New insights on outlook of global Islamic finance to be unveiled

MANAMA — The convener of the 22-year World Islamic Banking Conference (WIBC) — Middle East Global Advisors — is set to reveal cutting-edge insights on the outlook of the global Islamic financial industry in its inaugural “Finance Forward Islamic Finance Outlook Report 2016” this December.
The “Finance Forward Islamic Finance Outlook Report 2016” will be launched on Dec. 1 during the World Islamic Banking Conference in Bahrain. The three-day conference will cover various areas related to Islamic banking in the current global financial environment.
Speaking ahead of the presentation of the report — to be launched at WIBC itself — Dr. Sayd Farook, vice chairman and CEO of Middle East Global Advisors, shared: “The Outlook Report is expected to serve as a compass for Islamic Finance leaders who are undertaking key decisions that will fundamentally shape their business strategies for 2016.”
The uniqueness of the report, he continued, is that it combines meaningful insights from Islamic finance leaders — gathered from an extensive survey of practitioners’ sentiment — with robust analysis of the performance of Islamic financial institutions.

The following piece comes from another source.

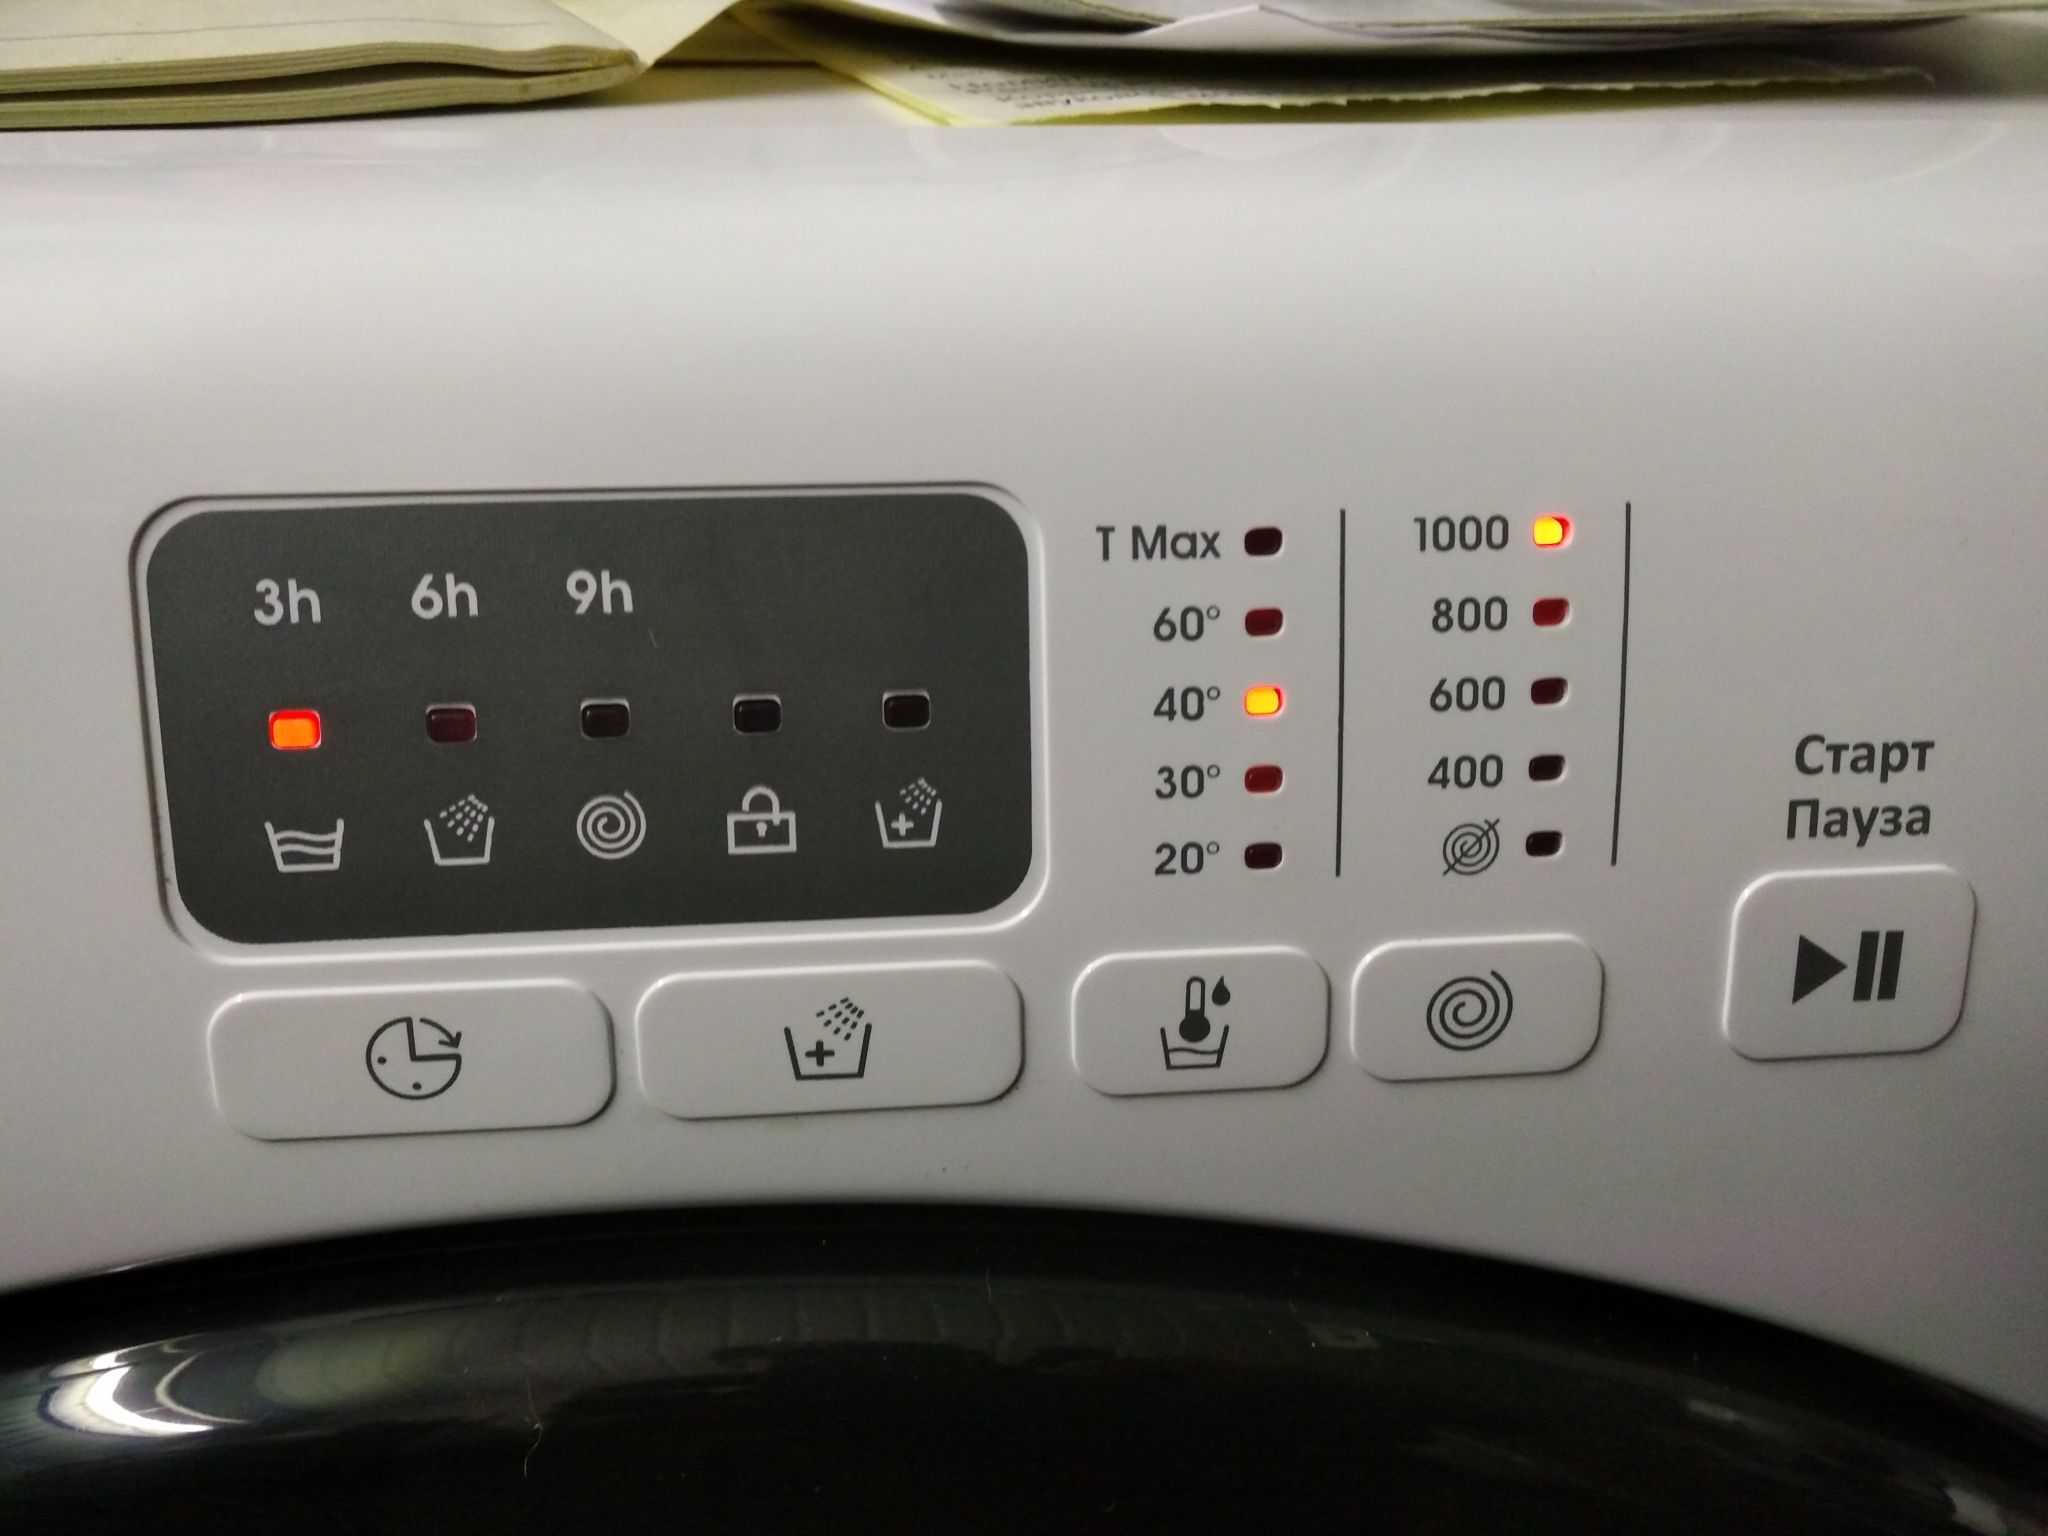 Как разобрать стиральную машину Candy Разборка стиральной машины своими руками: как разобрать Самсунг, Аристон, Индезит, Электролюкс, Занусси, Бош и Канди
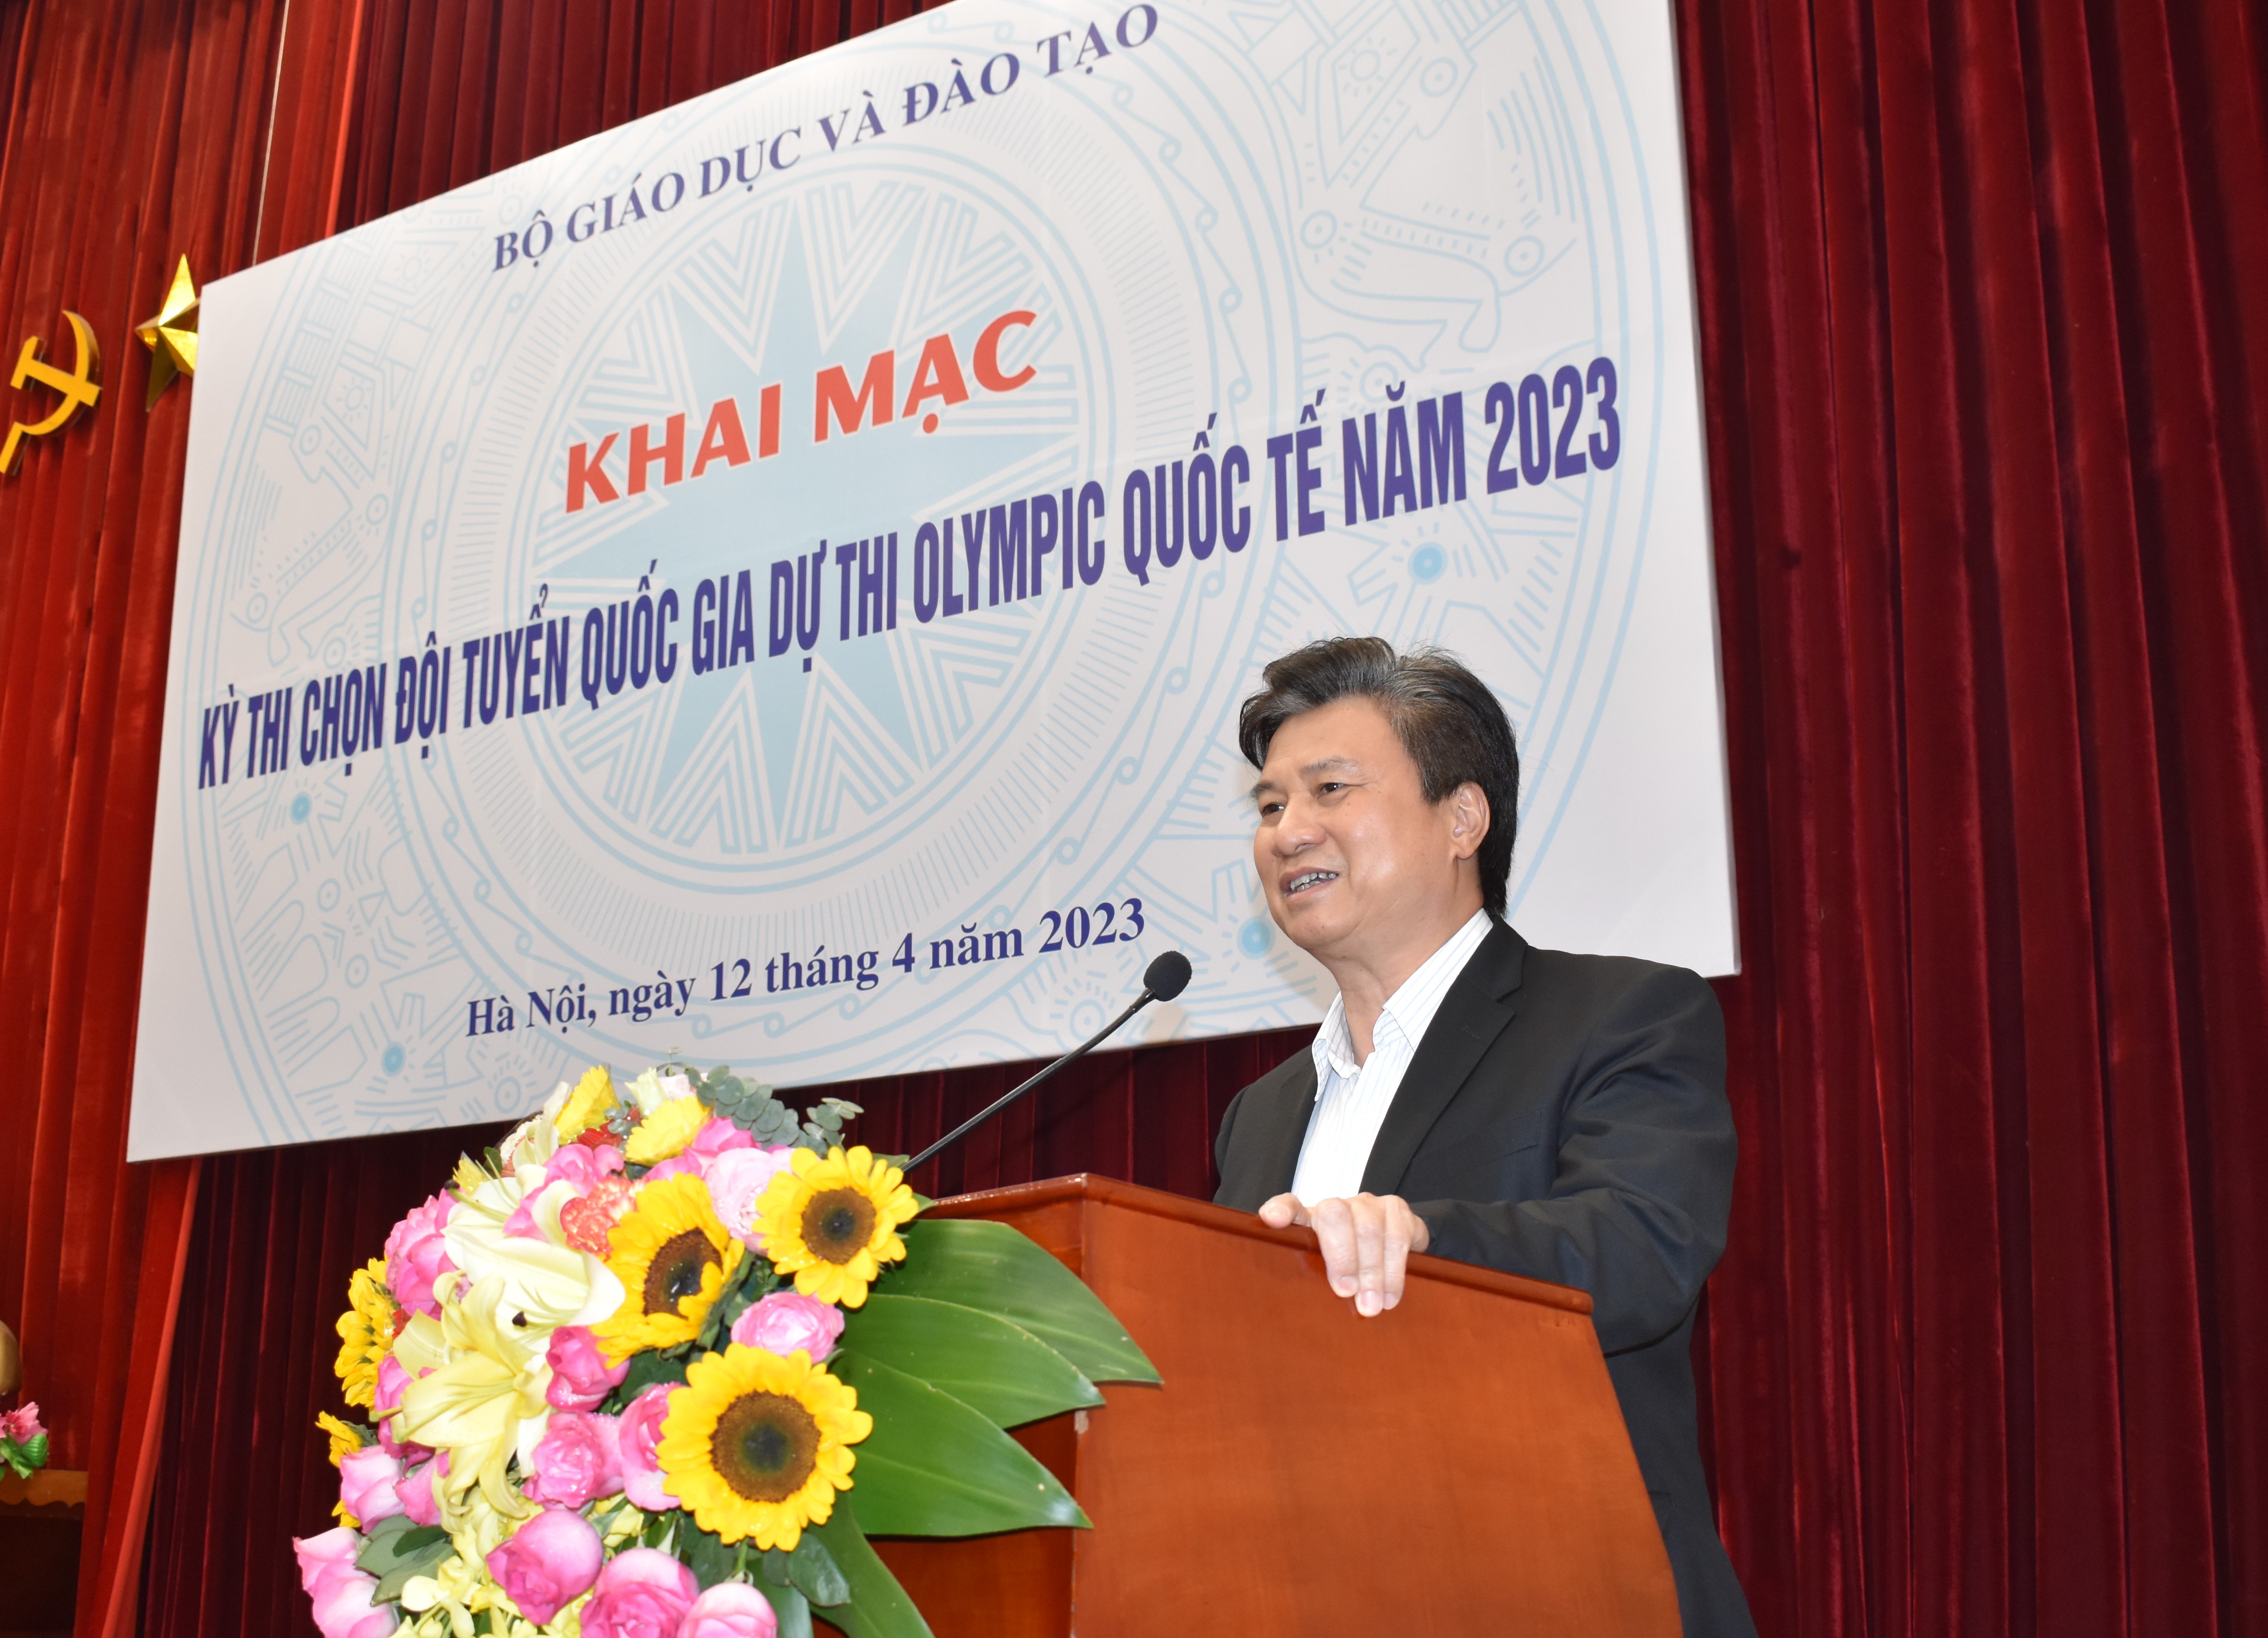 Thứ trưởng Bộ GD&ĐT Nguyễn Hữu Độ phát biểu khai mạc Kỳ thi chọn đội tuyển Olympic quốc tế năm 2023.

According to the report, three major global macro developments of 2015 will shape the outlook of the industry: commodity prices (particularly oil), development in global interest rate policy, and a slowdown of the Chinese economy. Low commodity prices do not bode well for either the Gulf Cooperation Council or Southeast Asian economies, home to most of the world’s Islamic banks.
However, a positive outcome for Islamic banks in a ‘new normal’ of low oil prices is that they enter with low rates of non-performing loans, high liquidity (in part due to the limited liquidity management options), high capital levels and simple balance sheets with mostly Tier 1 capital overall.
Thus, while the outlook for Islamic banks is likely to be muted going forward (and some may even face some fall-off in profitability), many leading Islamic banks have built up their resilience in the face of tightening liquidity, slowing loan growth and worsening credit risks.

Survey results of the Outlook Report highlighted two key trends: the development of ethical business models and that of Digital Banking.
Speaking about the importance of these trends, Blake Goud, chief research officer at Middle East Global Advisors added, “Shariah compliance is necessary but not sufficient for consumers demanding ethical financial services. This implies that corporate social responsibility is not enough — consumers want their financial institutions to integrate an ethical approach into their core business mode.